Town in the East Riding of Yorkshire, England

Brough (/ˈbrʌf/ BRUF-', locally /ˈbrʊf/) is a town in the East Riding of Yorkshire, England. It is part of the civil parish of Elloughton-cum-Brough with the neighbouring village of Elloughton. Brough is situated on the edge of the Yorkshire Wolds and the town serves as a gateway to the rolling hills of the Wolds. The Yorkshire Wolds Way National Trail also passes by the eastern end of Brough. Brough has a long association with BAE Systems. Brough has been recognised as one of the most desirable and affluent places to live in Yorkshire, with a rising affluent population and a growing reputation for prestige, quality of life, and thriving communities such as Elloughton-cum-Brough In Bloom.

==History==
The town was known as Petuaria during the Roman period, and served as the capital of the Celtic tribe of the Parisi.
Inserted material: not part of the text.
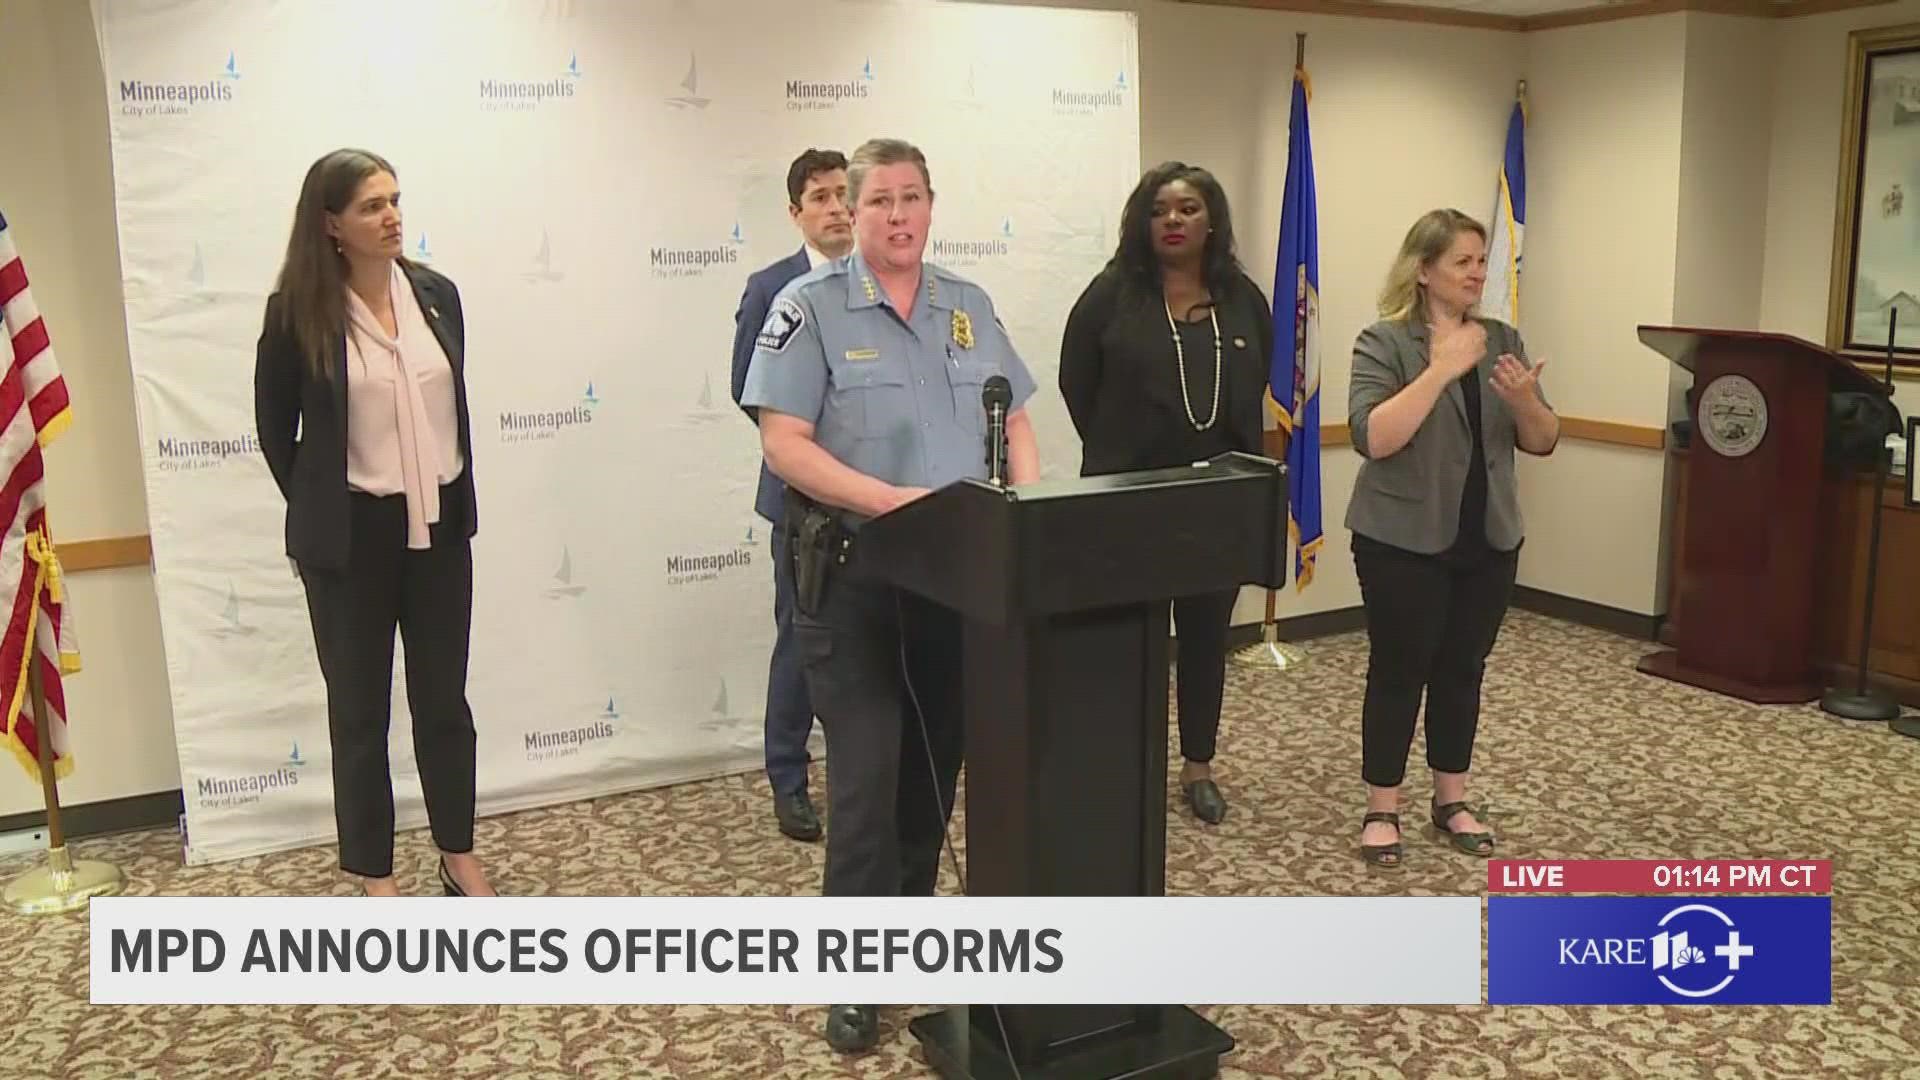 Minneapolis Mayor Jacob Frey and interim Police Chief Amelia Huffman are sharing details of new reforms in MPD involving officer discipline and well-being.

Petuaria marked the southern end of the Roman road known now as Cade's Road which ran roughly northwards for a hundred miles to Pons Aelius (modern day Newcastle upon Tyne).

The town's name is from the Old English burh meaning "fortification" and is related to the terms borough and burgh.

Brough was created a town by the Archbishop of York in 1239 and granted the same liberties as Beverley. There is no record of these liberties having been employed, and the settlement operated as a village for further centuries.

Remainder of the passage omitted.